Сброшу с себя я оковы любви
И постараюсь забыться,
Налейте полнее бокалы вина,
Дайте вином мне упиться.
Вот мило-то! Ответьте мне сейчас, как получите мое письмо.
Приедете ли сюда повидаться со мной? Нельзя? Ну, что же
делать... А может быть? Какую глупость я написала: приехать
только для того, чтобы повидать меня. Какое самомнение! не так
ли?
Прочитала сейчас в старом журнале хорошенькое
стихотворение "ты моя маленькая, бледная жемчужина"
Краповицкого. Мне очень нравится. Напишите мне все, все. Целую
вас. Вот еще прочла,-- Подтягина:
Над опушкою полная блещет луна,
Погляди, как речная сияет волна".
"Милый Подтягин,-- улыбнулся Ганин.-- Вот странно...
Господи, как это странно... Если бы мне сказали тогда, что я
именно с ним встречусь..."
Улыбаясь и покачивая головой, он развернул последнее
письмо.
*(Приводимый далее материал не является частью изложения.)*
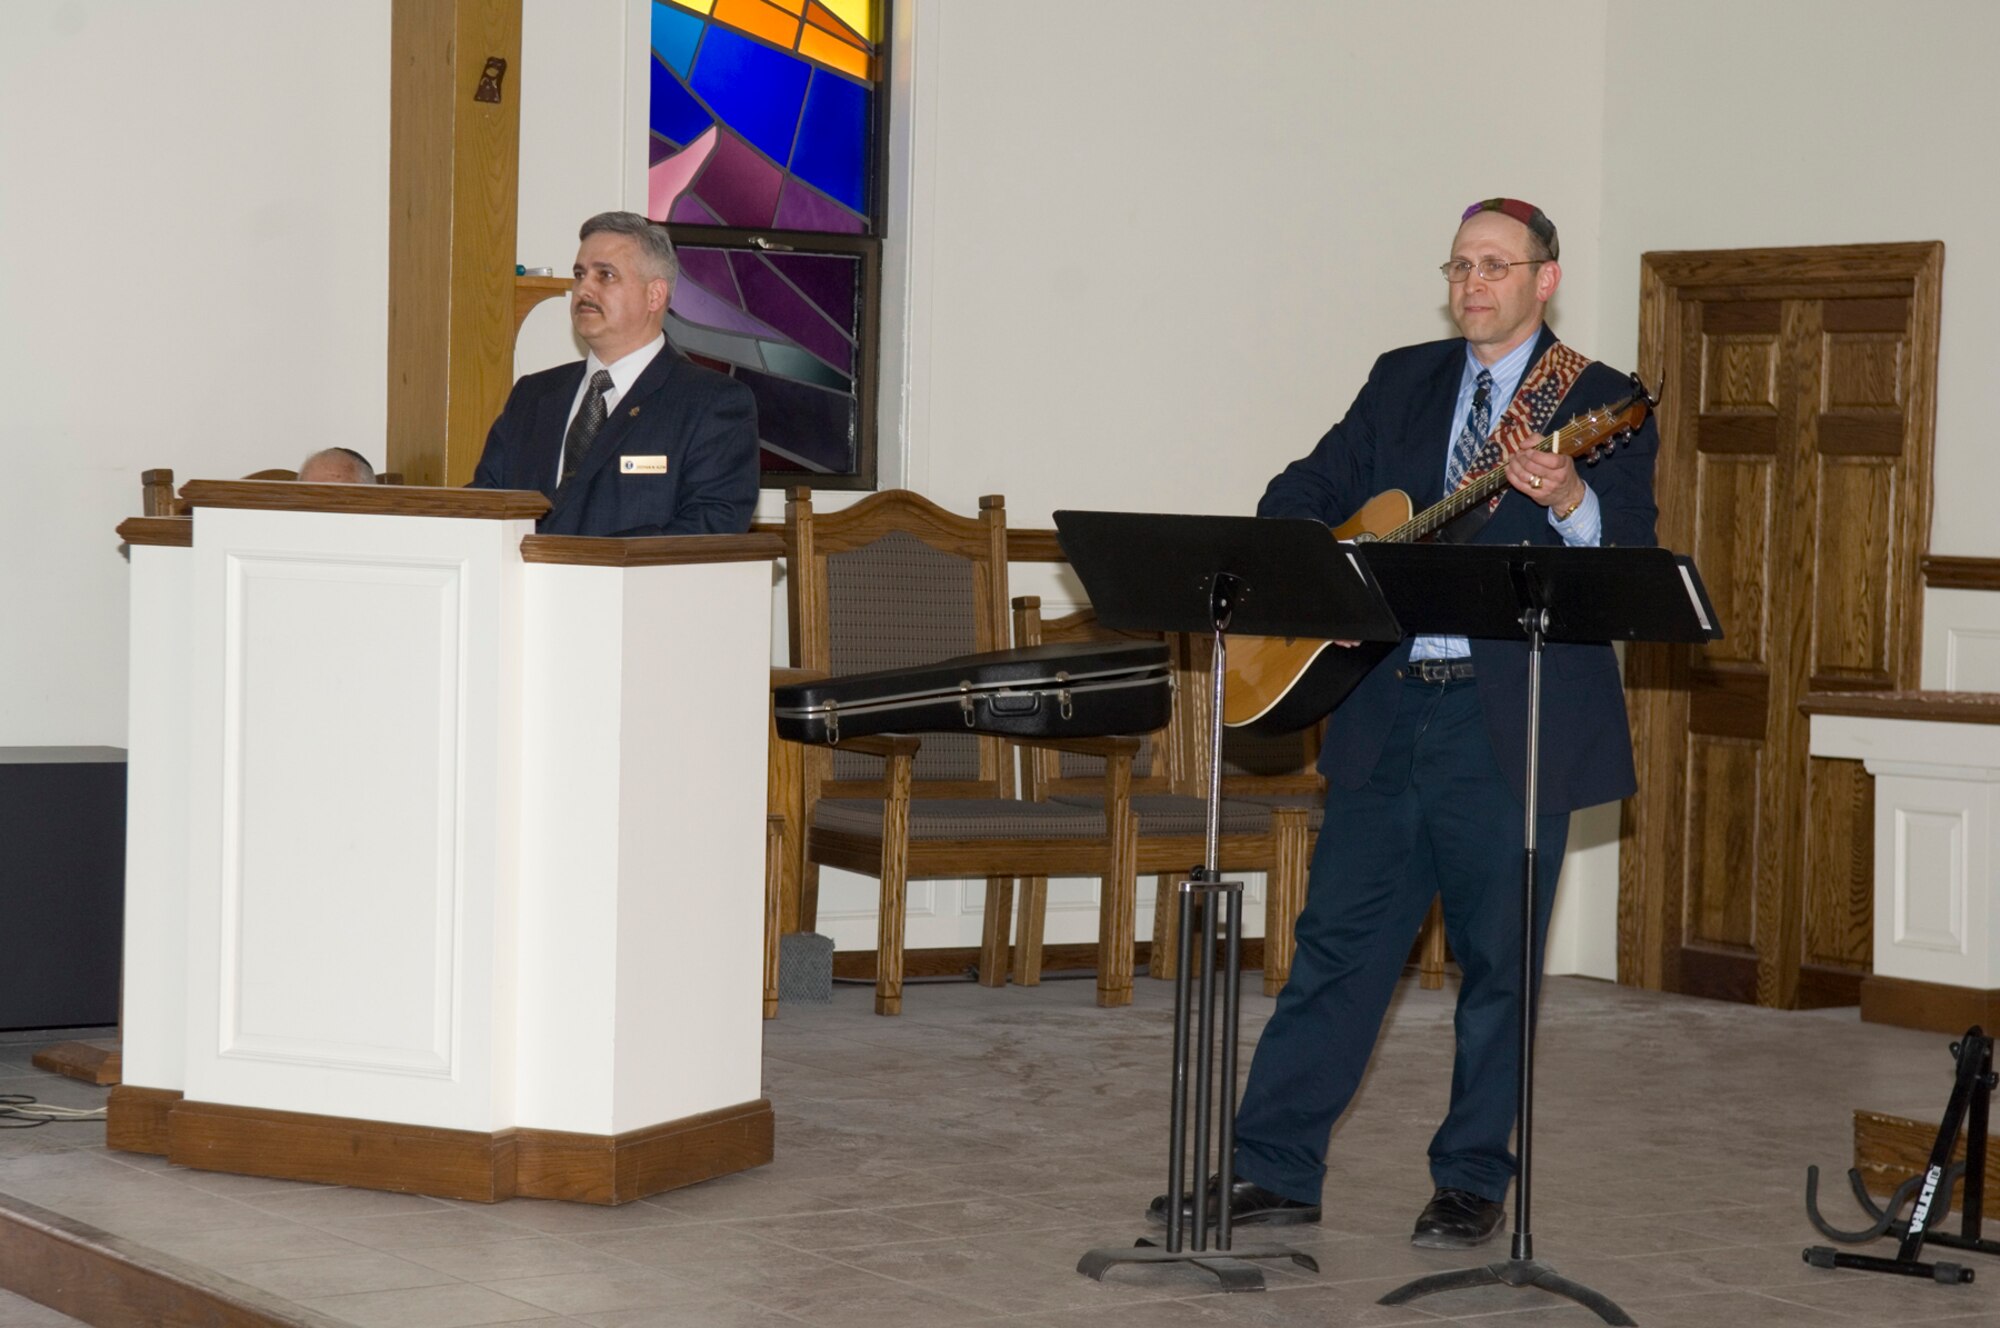 HANSCOM AIR FORCE BASE, Mass. –Stephen Klein (left), speaks during the Holocaust Remembrance event at the Base Chapel on April 28, while Howard Worona (right), Hanscom Middle School music specialist prepares to lead the musical tributes for the event. The event honored and remembered the lives of the Shtetl, the small Jewish communities of Eastern Europe, prior to and after Kristallnacht, the night of the broken glass. Kristallnacht marked the beginning of the systematic extermination of more than six million Jews. (U.S. Air Force photo by Rick Berry)

Получил он его накануне отъезда на фронт. Был холодный,
январский рассвет, и на пароходе его мутило от ячменного кофе,
"Лева, милый, радость моя, как ждала, как хотела я этого
письма. Было больно и обидно писать и в то же время сдерживать
самое себя в письмах. Неужели я жила эти три года без тебя, и
было чем жить и для чего жить? Я люблю тебя. Если ты
возвратишься, я замучаю тебя поцелуями. Помнишь:
Расскажите, что мальчика Леву
Я целую, как только могу,
Что австрийскую каску из Львова
Я в подарок ему берегу.
А отцу напишите отдельно...
Боже мой, где оно,-- все это далекое, светлое, милое... Я
чувствую, так же как и ты, что мы еще увидимся,-- но когда,
когда?
Я люблю тебя. Приезжай. Твое письмо так обрадовало меня,
что я до сих пор не могу прийти в себя от счастья..."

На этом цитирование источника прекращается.